Clients may or may not need to know what the schema of a Message looks like internally in order to be able to do useful work with Messages at their level of understanding - from character stream up to APP.

DP: I think you've described the OSI network model and what I would call good application layer design. At least that's how I design my applications, but I'll grant you not everyone is as diligent. To the extent that you can properly encapsulate the micro-formats in other documents, then I agree that your application can only worry about the portions of the response that is interesting to it. I think this becomes a little more challenging in practice though.

DC: You never know, your eBay schemas might be taken into account when coming up with new standard content types for e-commerce!

DP: That would be nice.

[Note: Deleted a superfluous exchange on XHTML]

DC: This is one of the Myths of REST - that it's just for simplistic reading and writing of data.

It's a actually a myth that's often propagated by the REST community itself, especially with their over-emphasis on the Four HTTP Verbs, which seem to map so conveniently onto Create, Read, Update and Delete.

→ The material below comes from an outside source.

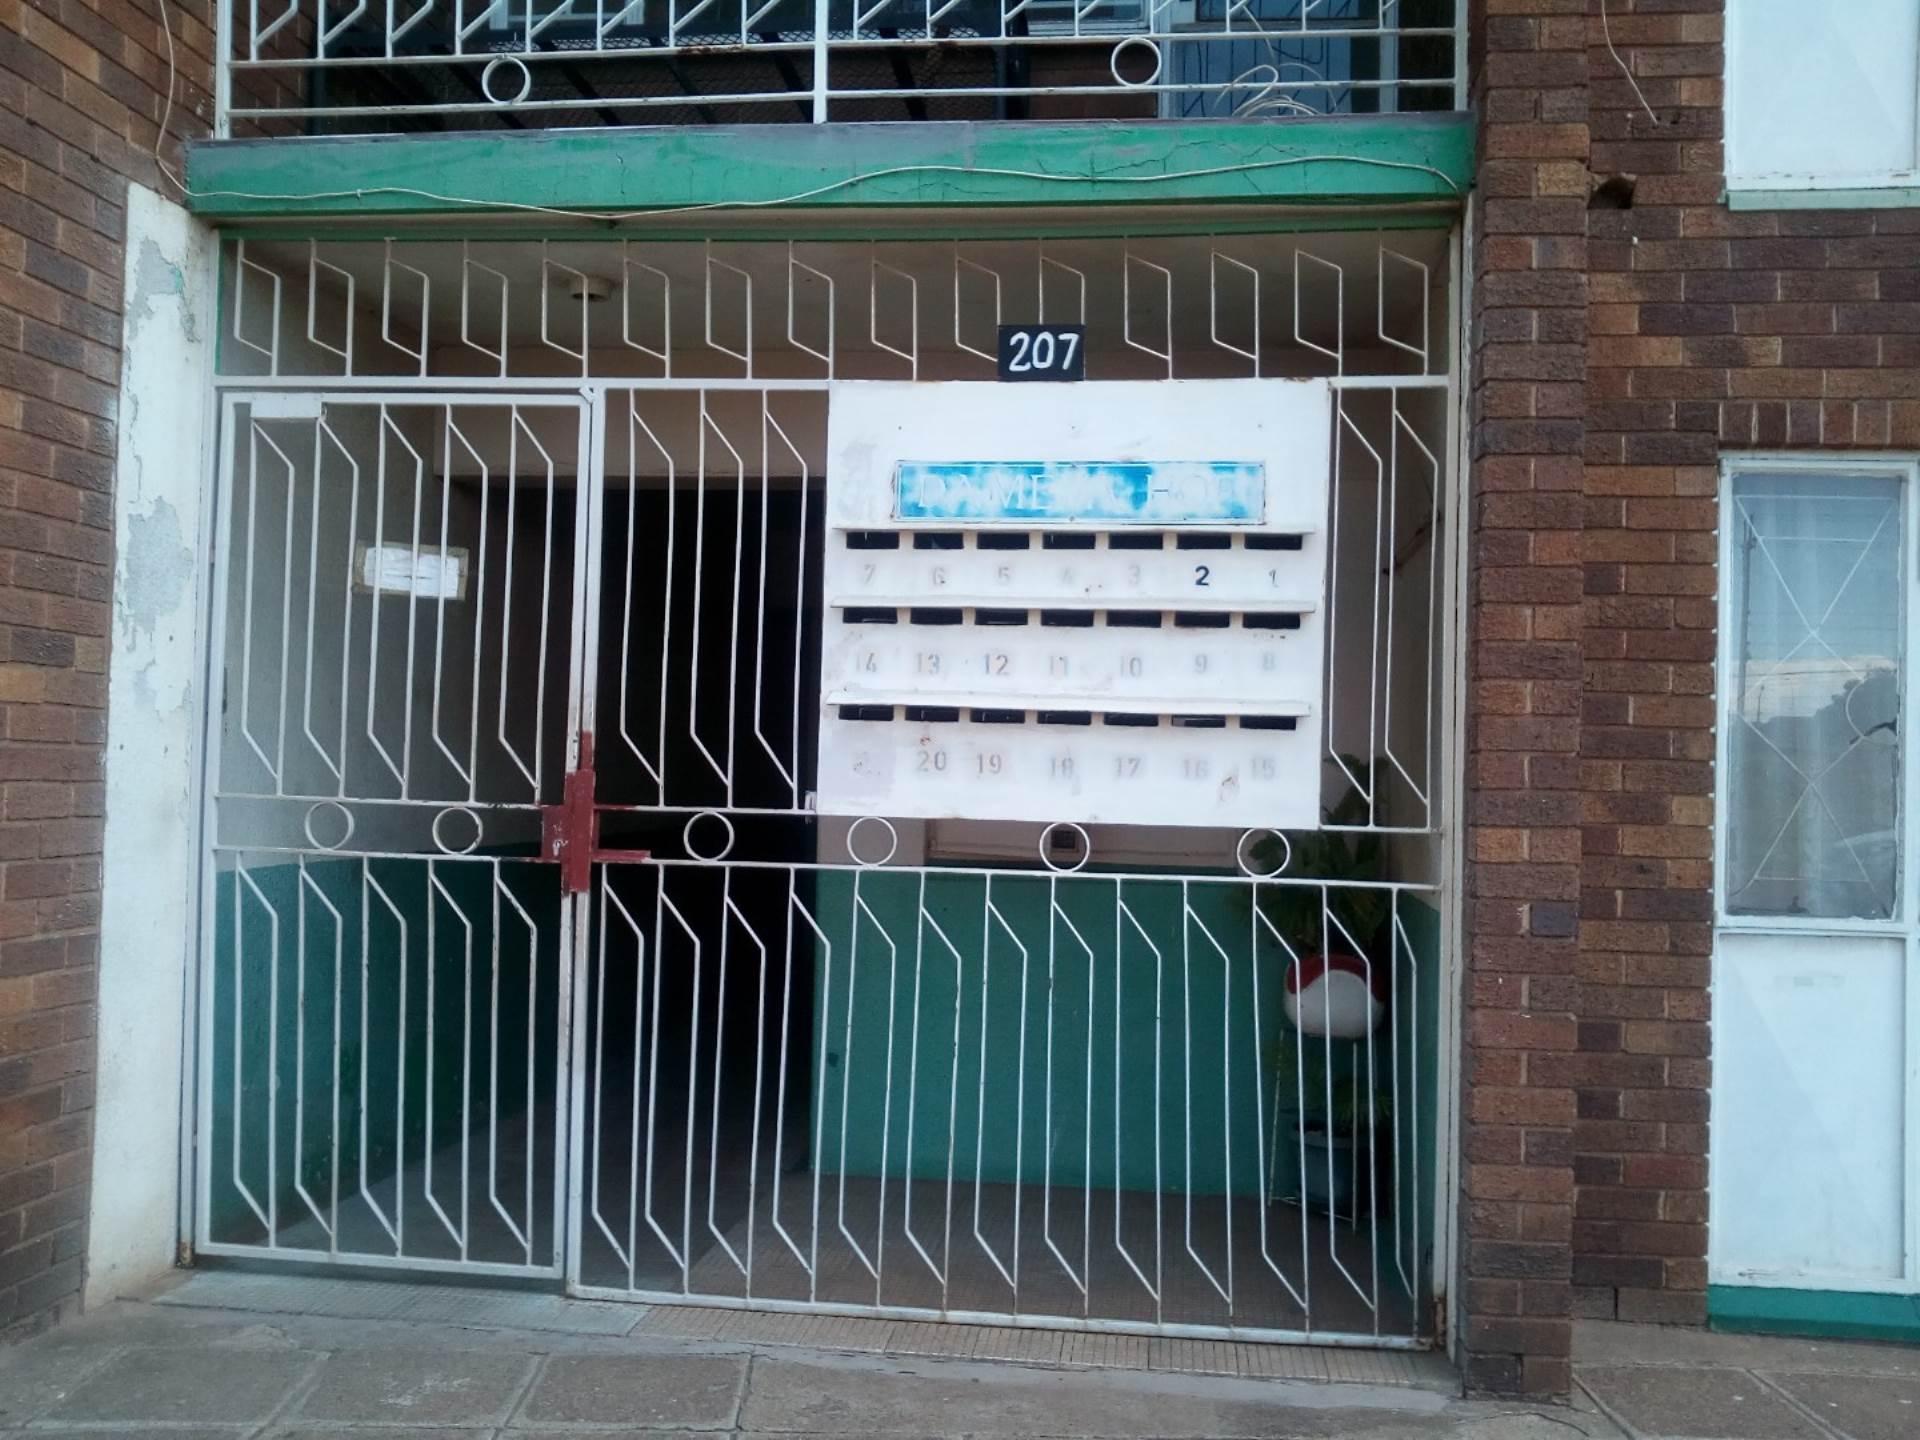 2 BedroomFlat To Rent In Lewisham Ext 3

DP: We call that CRUD and those operations are low level entity persistence methods. I would agree that they aren't terribly meaningful at a business interface level.

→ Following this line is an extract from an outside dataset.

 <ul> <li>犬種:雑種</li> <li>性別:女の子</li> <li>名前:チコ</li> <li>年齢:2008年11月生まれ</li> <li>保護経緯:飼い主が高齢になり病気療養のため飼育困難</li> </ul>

DC: It is often good, but can detract from the whole goodness!

One consequence of this mapping it that people inevitably go on to see an analogy between REST and databases, and then start to expect transactions and other database features.

Another consequence of the database analogy is that resources are seen as lifeless servants of the active client: it takes away responsibility from a resource to be master of its own destiny.

This then causes confusion (even within the REST community) about the power of the client and even the very meaning of such basics as the PUT method.

The fact is, GET and POST are more than enough to be REST compliant. This cut-down pair also help focus the mind on URIs, two-way content transfer, content type or schema and on the responsibilities of each resource as active players in an integration scenario.

DP: No argument.

DC: Tim Bray has a history of suggesting that GET and POST are enough.

And recently, there has been further high-level support from Sam Ruby and Leonard Richardson in their manifesto for an upcoming book.

DC: So, to summarise: use GET to read data, then POST back to the same URI to suggest changes to the resource there.

All based on a given level of understanding and interpretation of the content type and any corresponding interaction standards.

Interoperability and scalability in a nutshell!

Now I will explain how there's more to REST than simple reading and (attempted) writing of resources. We're still only two-ninths done...

DP: I look forward to seeing where we go next.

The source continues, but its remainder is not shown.